Bien que la journée ait été relativement normale pour les habitants de Cotonou, la capitale économique, la ville s’est vidée plus tôt que d’ordinaire en soirée, d’après les observations d’un journaliste de l’Agence France-Presse (AFP).

Des barrages militaires ont été érigés dans les environs du palais présidentiel et du camp militaire de Guézo.

« Ce soir, nous allons rentrer plus tôt. L’identité des instigateurs de ce coup d’État reste incertaine », a confié à l’AFP Michelle Eudoxie, une coiffeuse de 50 ans.

Nabil Sacca, un vendeur d’essence présent près du palais présidentiel en matinée, a témoigné : « J’ai entendu des tirs ce matin. J’ai préféré quitter le quartier par peur. »

Déploiement de troupes ouest-africaines

Des sources militaires ont rapporté à l’AFP l’arrestation d’environ douze soldats, dont certains seraient impliqués dans la tentative de putsch. Toutefois, l’information concernant la présence du lieutenant-colonel Pascal Tigri, présumé chef des mutins, parmi les détenus, n’a pas été confirmée par les sources sécuritaires.

En fin d’après-midi, l’aviation nigériane a effectué des frappes aériennes à Cotonou, conformément aux « protocoles de la Communauté économique des États de l’Afrique de l’Ouest (CEDEAO) », a déclaré le général Ehimen Ejodamen, porte-parole de l’armée de l’air nigériane, sans spécifier les objectifs précis de ces opérations.

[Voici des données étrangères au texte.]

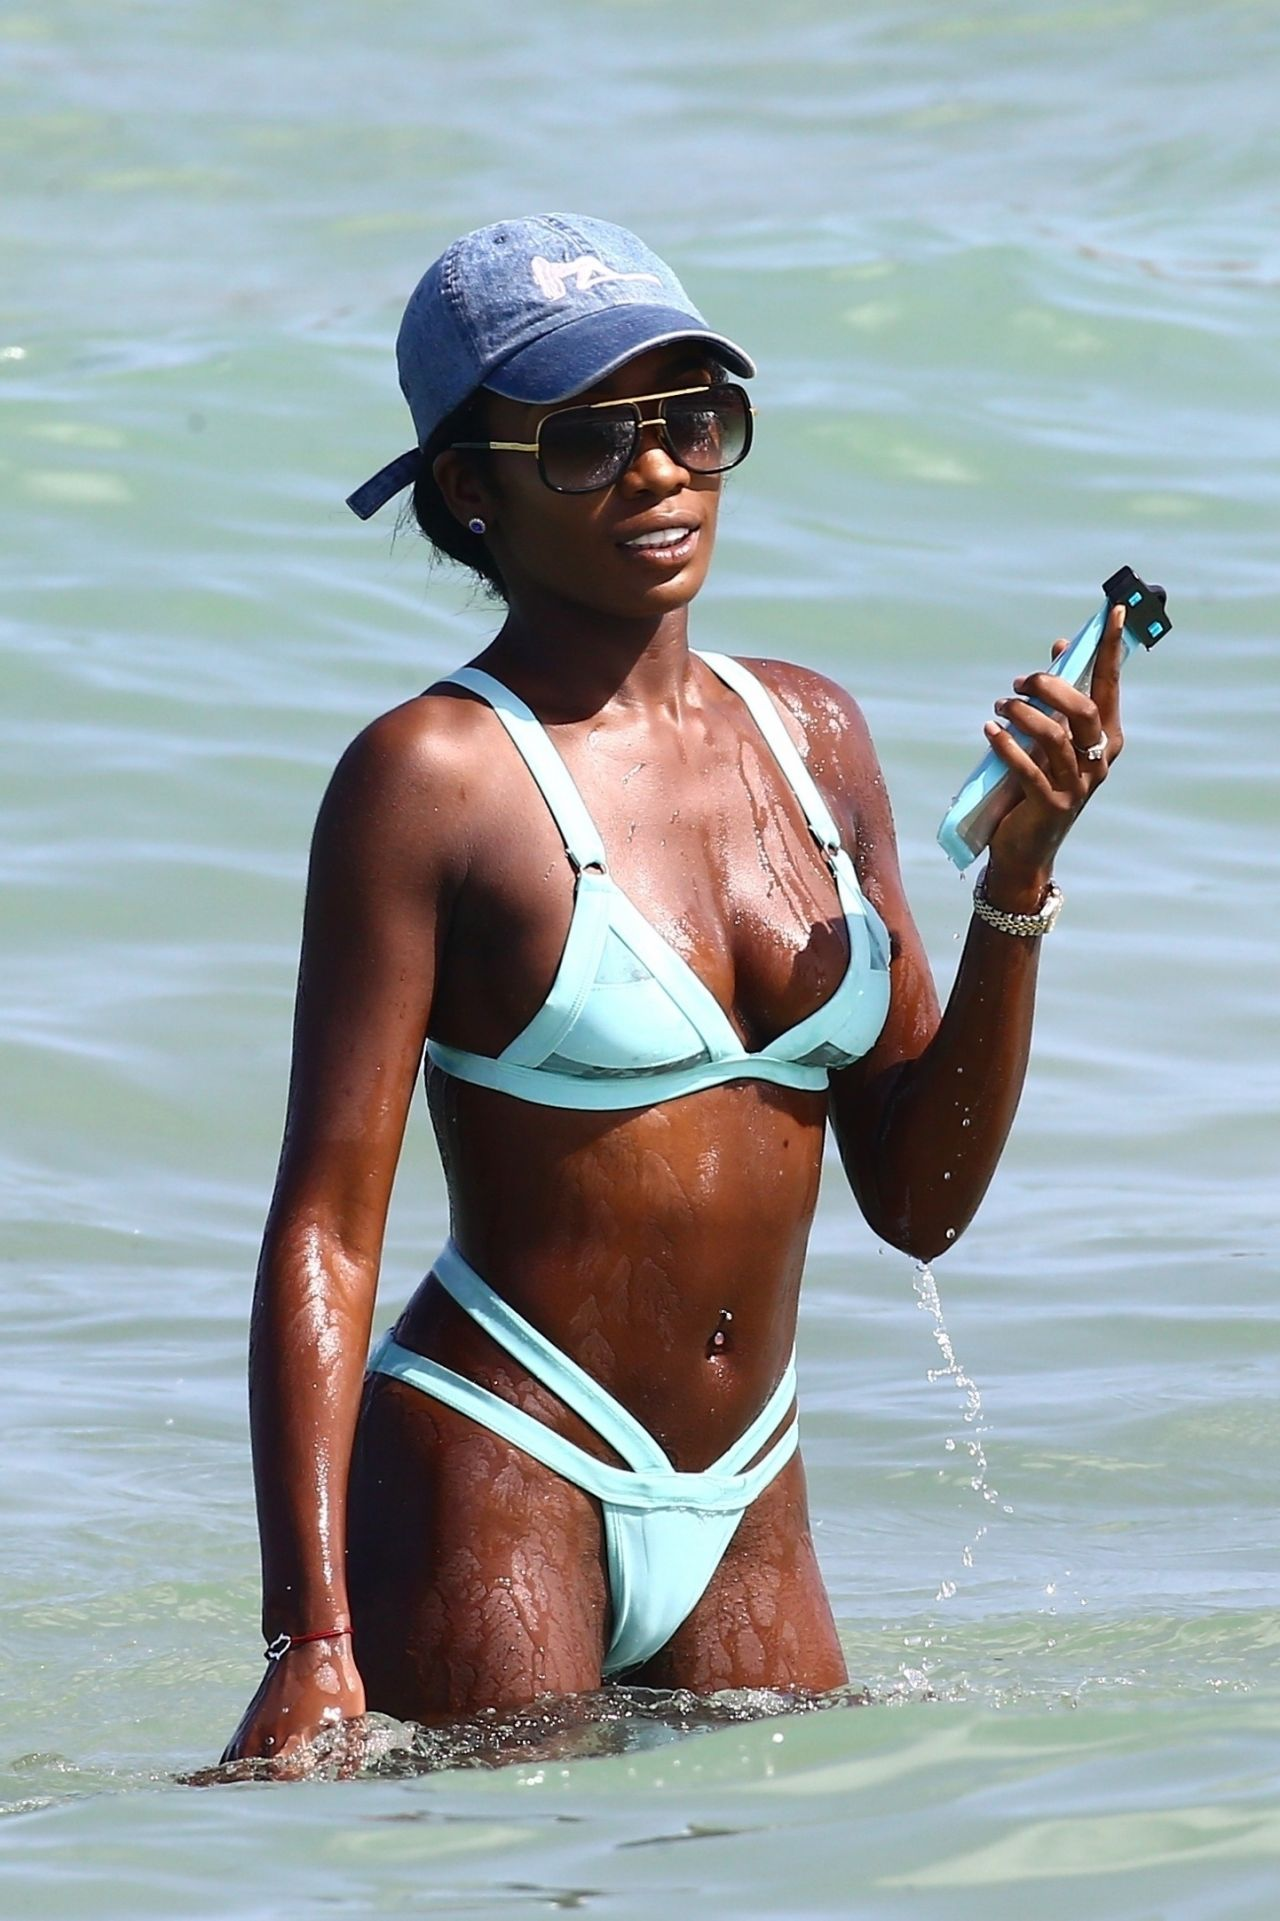 Ebony London In A Baby Blue Bikini And A Denim Cap Miami

Par la suite, la CEDEAO a officialisé le « déploiement immédiat » de contingents militaires provenant du Nigeria, de la Sierra Leone, de la Côte d’Ivoire et du Ghana, dans le but de soutenir le « gouvernement et l’armée républicaine » du Bénin et de « sauvegarder l’ordre constitutionnel ».

La Force en attente de la CEDEAO, dont le rôle est d’assurer la paix et la stabilité régionale, a déjà été mobilisée, notamment en Gambie en 2017 pour contraindre le président sortant Yahya Jammeh à céder le pouvoir.

Cependant, elle avait choisi de ne pas intervenir lors du coup d’État survenu au Niger en 2023.

L’Union africaine (UA) a également exprimé sa condamnation « ferme et sans équivoque » de cette tentative de putsch.

L’histoire politique du Bénin est marquée par diverses tentatives de coups d’État, le dernier succès remontant à 1972.

« C’est comme revivre les événements que nos parents ont connus à cette époque », a commenté Remy Agblo, un commerçant, soulignant qu’« heureusement, la tentative a été déjouée ».

Patrice Talon, en fonction depuis 2016, atteindra la limite de ses deux mandats constitutionnels en 2026.

Romuald Wadagni, l’actuel ministre des Finances et successeur pressenti, est considéré comme le grand favori pour l’élection présidentielle d’avril 2026, notamment en raison de l’exclusion du principal parti d’opposition.

Anatole Zinsou, un informaticien de Cotonou, observe une « tension palpable dans le pays depuis plusieurs mois, liée aux échéances électorales », regrettant « l’exclusion » de certains acteurs des processus démocratiques.

Bien que salué pour ses réalisations en matière de développement économique au Bénin, Patrice Talon est fréquemment critiqué par ses opposants qui lui reprochent une dérive autoritaire, contrastant avec la réputation démocratique passée du pays.